### Material provided

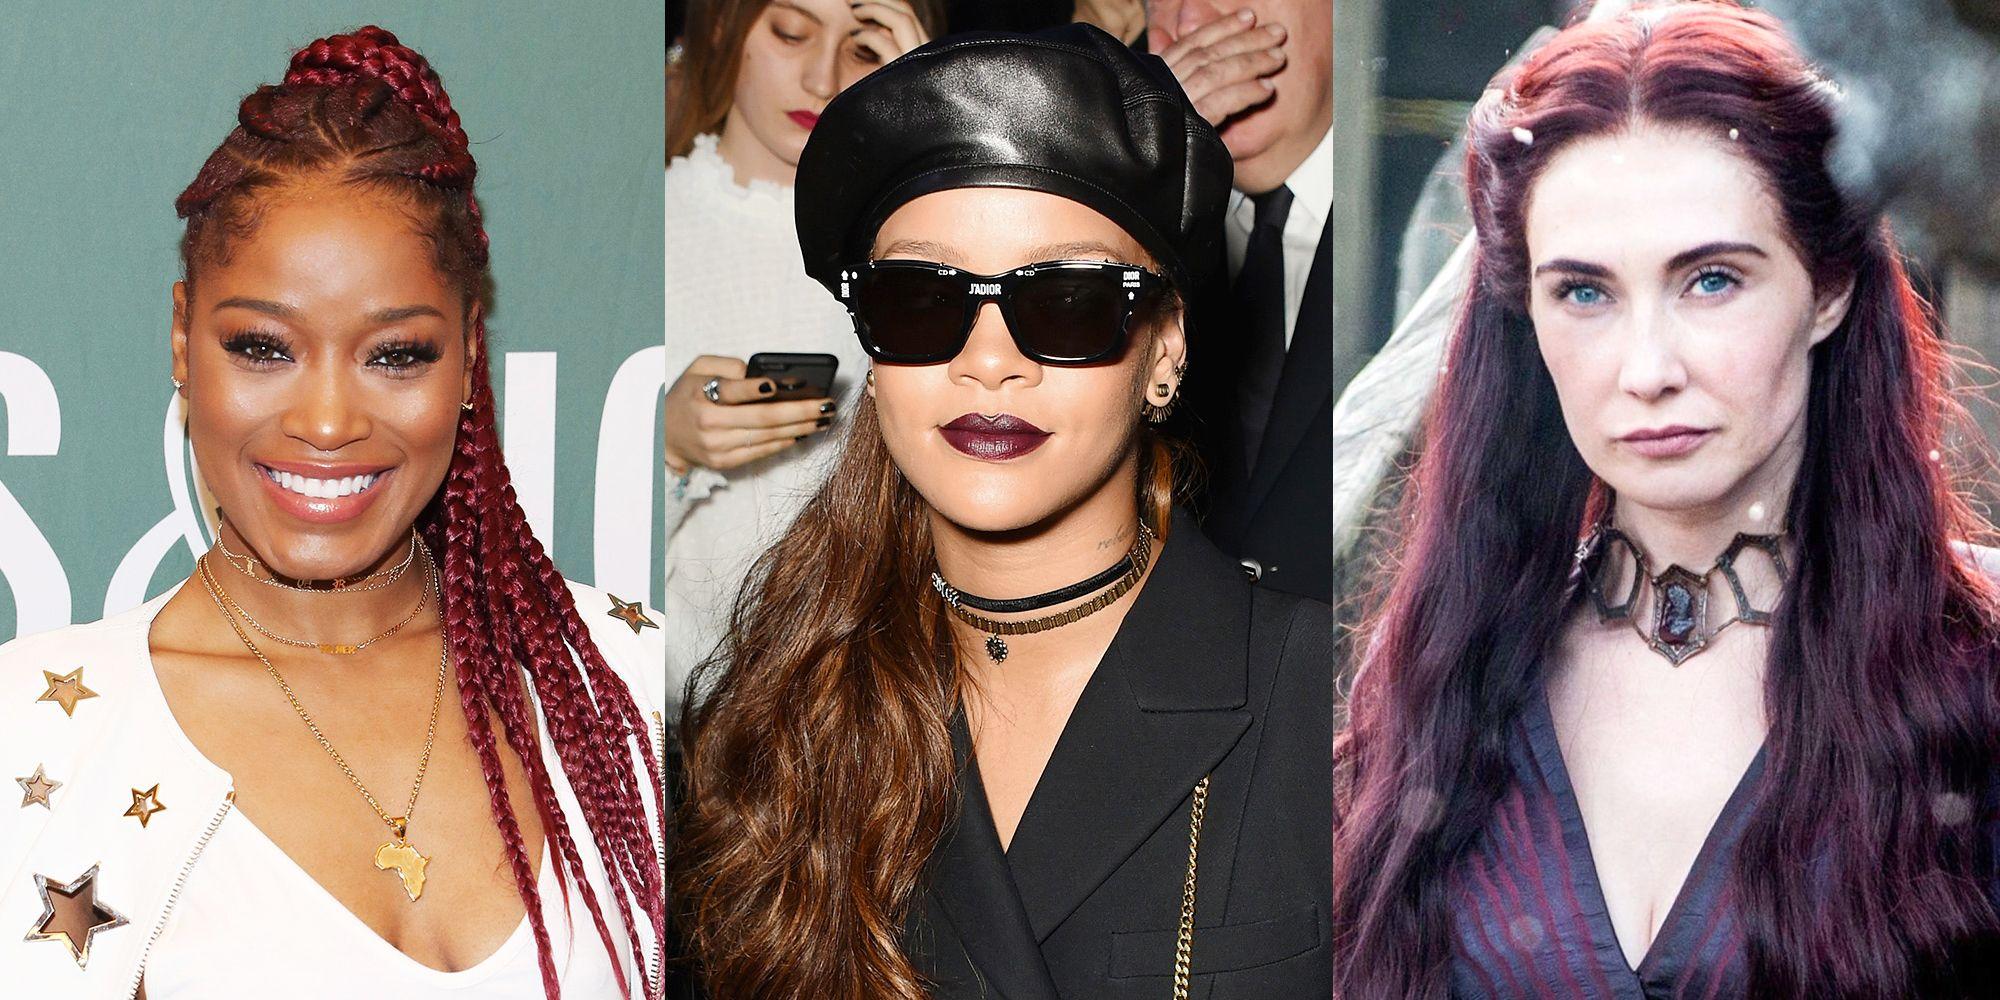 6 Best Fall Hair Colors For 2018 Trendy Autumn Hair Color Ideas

--

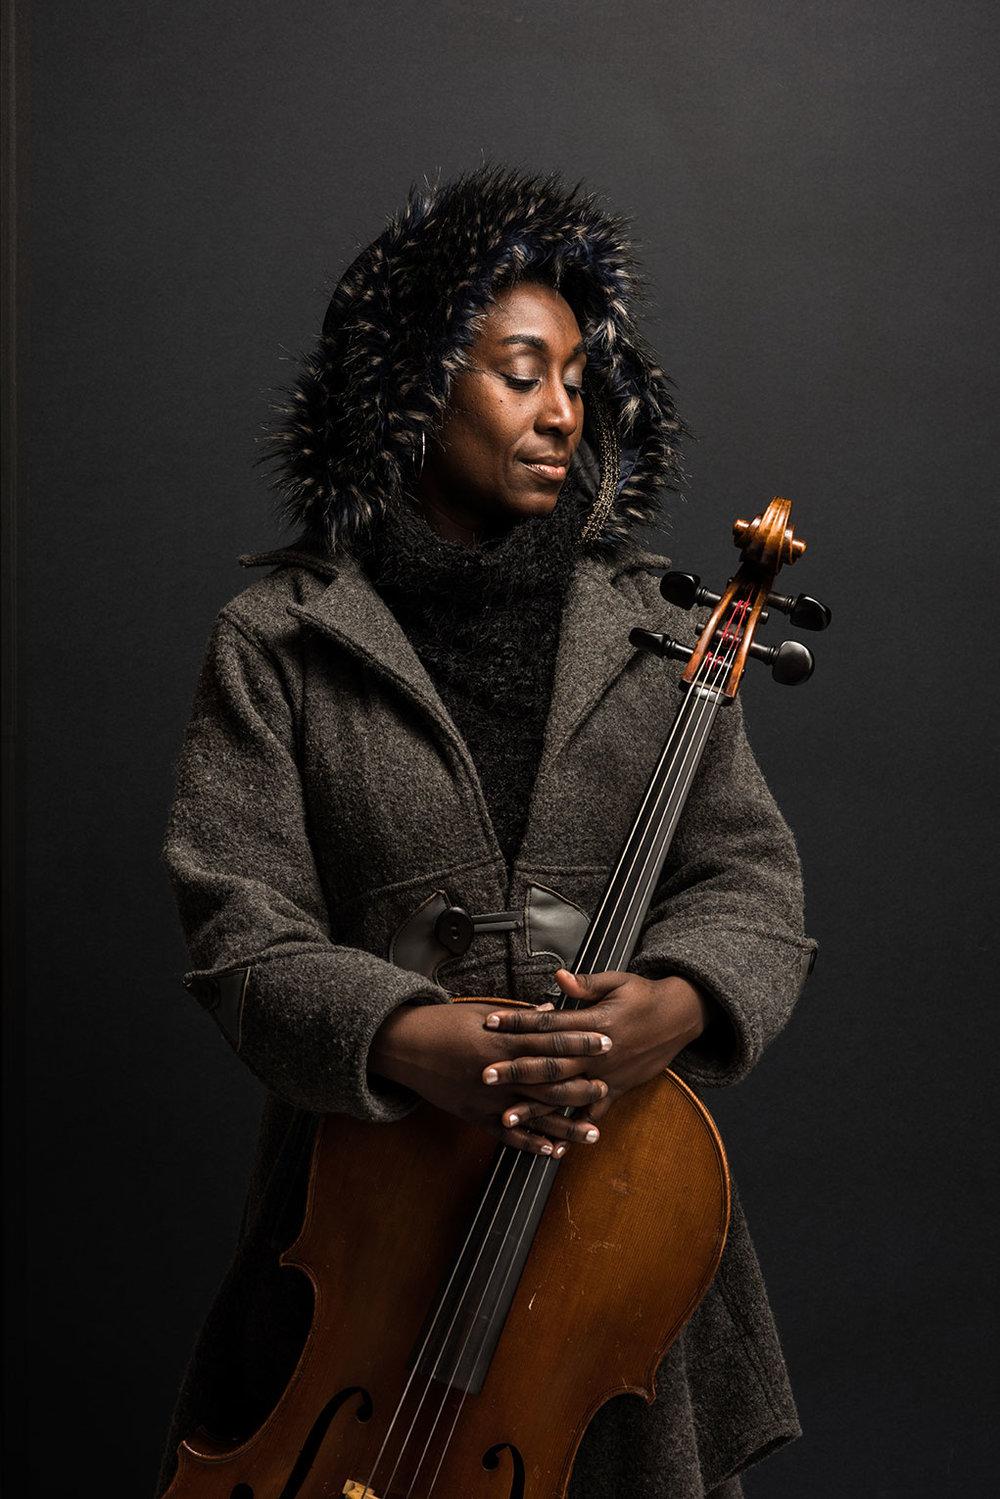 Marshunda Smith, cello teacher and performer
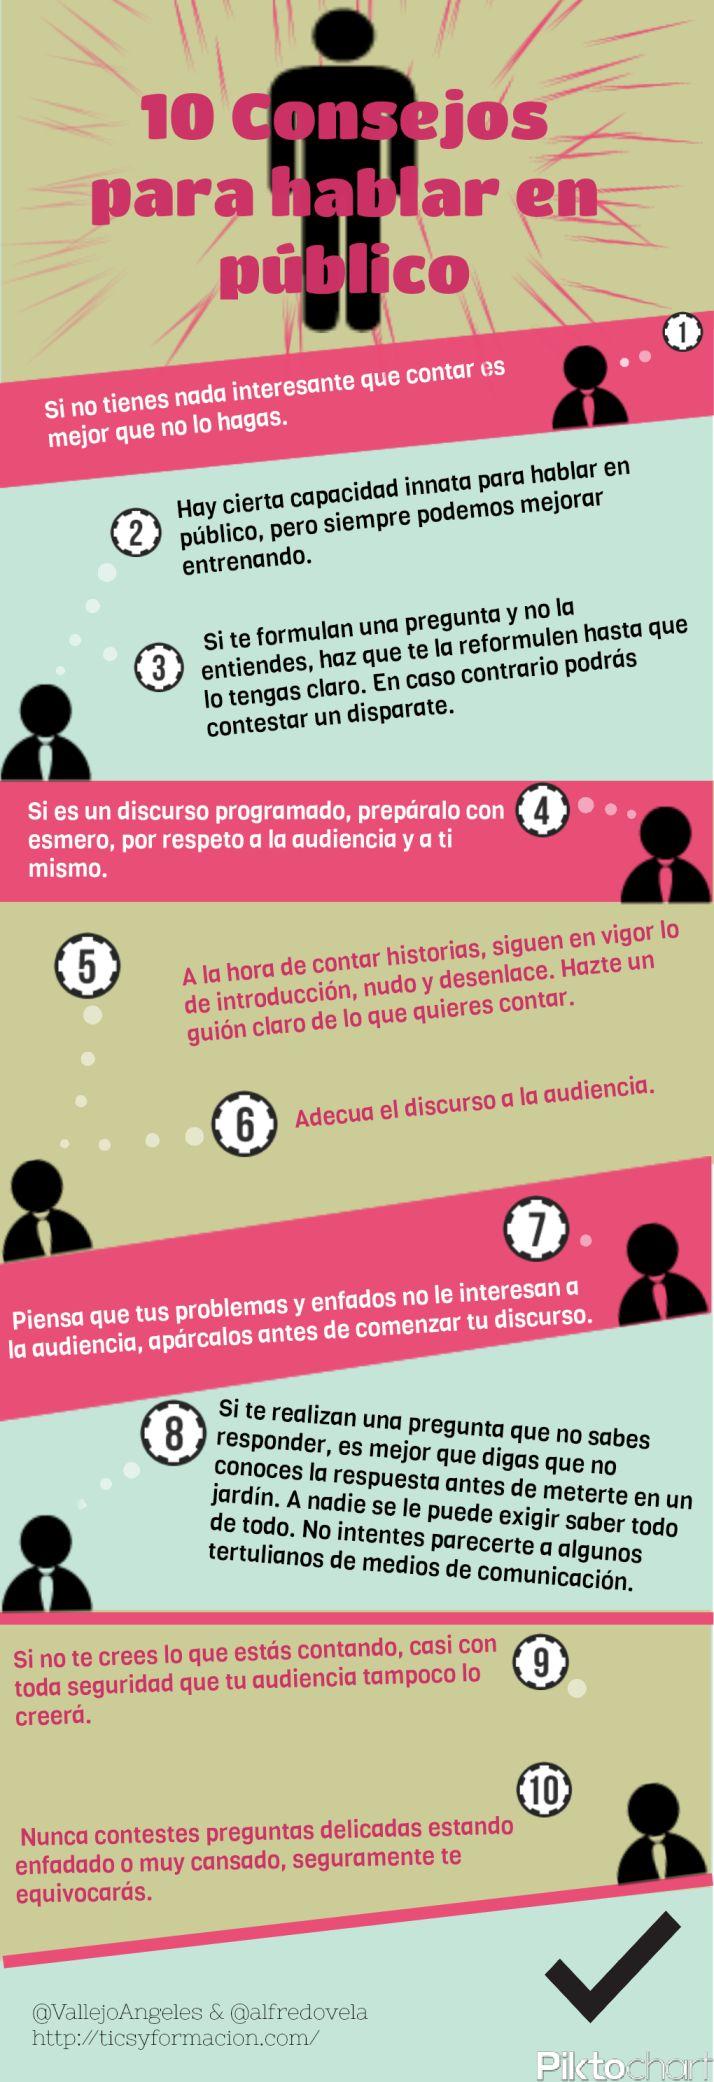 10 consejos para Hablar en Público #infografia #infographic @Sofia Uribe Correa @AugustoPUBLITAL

### Work instruction
Reproduce the listing above from the line that holds "Marshunda Smith, cello teacher and performer" through the line that holds "10 consejos para", both included, with the pictures left out.

### Answer section
 Marshunda Smith, cello teacher and performer
 10 consejos para Hablar en Público #infografia #infographic @Sofia Uribe Correa @AugustoPUBLITAL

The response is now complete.